401k Withdrawal Options

401(k) plans were first introduced in 1980, and now a multitude of companies offer defined contribution plans as a benefit to their employees. This is the ideal way to save for retirement with pre-tax dollars and typically an employer will also match the funds. However, even though these funds are intended for retirement, many Americans find that they need to tap into these funds in an emergency, although actually withdrawing money from a 401(k) plan is easier said than done.

This is especially true if an individual wishes to withdraw money from their 401(k) plans before they reach the official distribution age of 59 1/2. There are a number of ways in which a person can access their 401(k) funds and amongst the three most common are hardship withdrawals, non-hardship withdrawals and loans. It is recommended that individuals consult with a financial professional to help them determine which withdrawal option is most suitable in their personal situation.

Hardship withdrawals
If an individual is employed by a company that offers a 401(k) plan, they will typically have the opportunity to access these savings if they are considered to be suffering a financial hardship. However, it must be said, that it is extremely difficult to qualify for this particular provision. In fact, many individual 401(k) plans will have a set of qualifying financial hardships in line with the IRS.

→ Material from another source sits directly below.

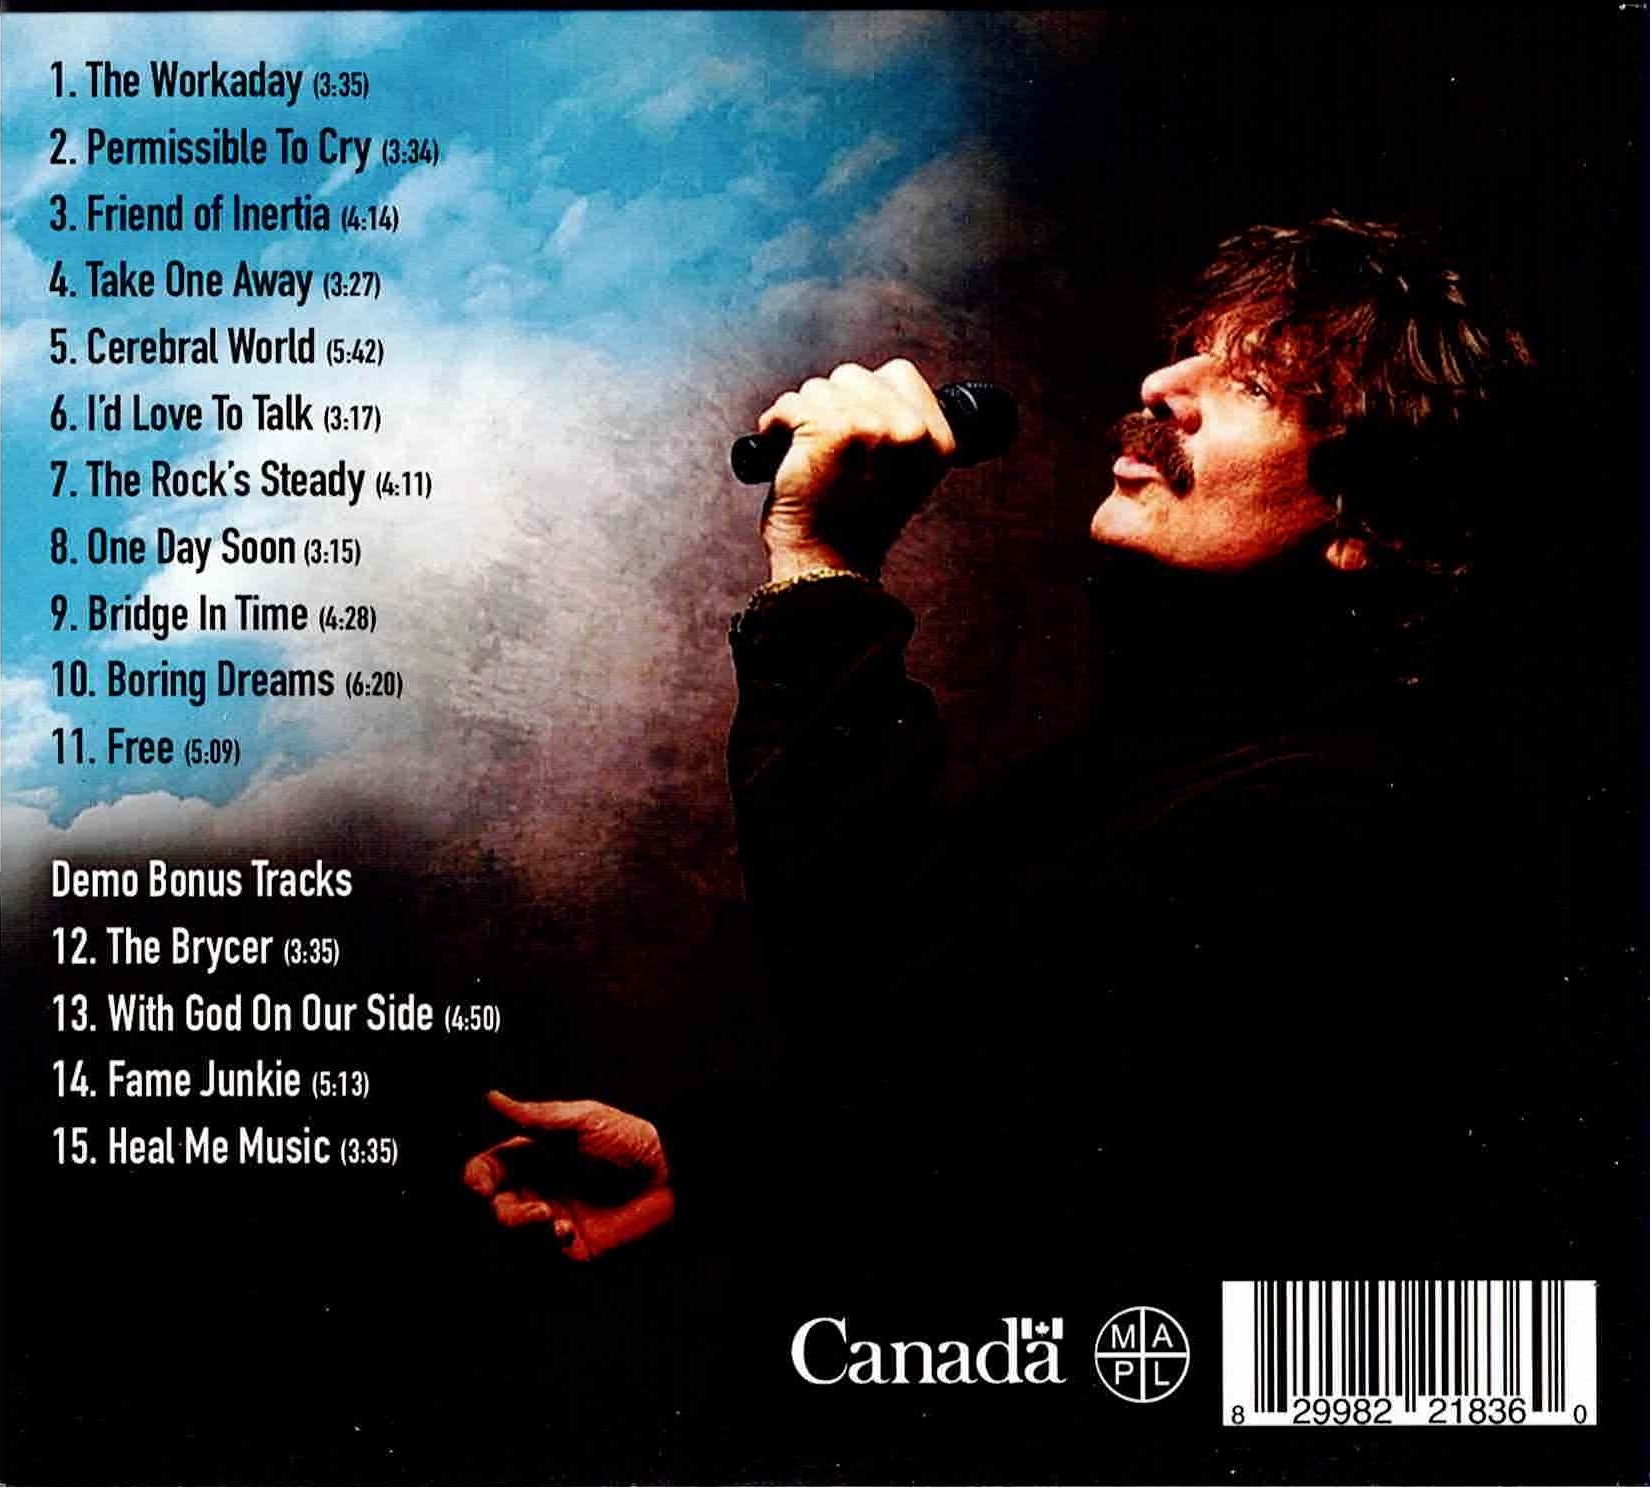 CD back cover

These financial hardships may include emergency medical expenses or funds needed to pay towards a disability, but having to qualify under both sets of rules will generally make it even harder to withdraw money. In addition to this, if an individual wishes to make a 401(k) withdrawal before they are aged 59 1/2, there will be a 10% penalty on whatever amount is withdrawn. It is important to note that the withdrawal will also be taxed, and therefore taxes and penalties can make a hardship withdrawal fairly expensive.

Non-hardship withdrawals
It must be said that not every plan will allow for non-hardship withdrawals, however, if an individual is able to make this type of withdrawal from their 401(k), they are able to distribute and use the money as they see fit. It is generally advisable to roll the funds into an IRA, as this can help to avoid taxes, there are far more investment options available, and these will typically have lower administrative fees. However, any rollovers that are made directly to the owner of a 401(k) will need to be reinvested into a qualified plan within a 60 day period or the plan owner will need to, once again, pay a 10% penalty.

If an individual is in dire financial need their only option may be to obtain a 401(k) loan. A 401(k) loan will allow a person to borrow against their savings, although some companies may impose certain restrictions that are fairly similar to those for hardship withdrawals. The loan will also need to be repaid, typically within 5 years, and the loan cannot be rolled over into an IRA.

Individuals who are looking to take this course of action need to be extremely wary if the leave the company, but still have an outstanding 401(k) loan, as often this will need to be repaid within a relatively short space of time, such as one to two months.

Many people also take the option of an installment plan. This is where money will be distributed to the plan owner through a number of small monthly payments for a period of typically 5, 10 or 15 years. However, this option will generally still have a 10% withdrawal penalty and taxes will be due, although this is a great option if a person needs some extra income.

It is recommended that any individual looking to make an early withdrawal from their 401(k) should consult with a financial professional. The tax consequences and the impact an early withdrawal may have on a person’s future retirement savings can be very serious. Therefore, it is important for an individual to make the right choice and carefully consider the options available to them.

For individuals who are aged 59 1/2 or over there are no 401(k) early withdrawal penalties. And anyone aged over 70 1/2 will start having to take out mandatory 401(k) withdrawals, and these withdrawals will be based on the account balance and their predicted life span. It is actually possible to take out more than the mandatory withdrawals, but never any less.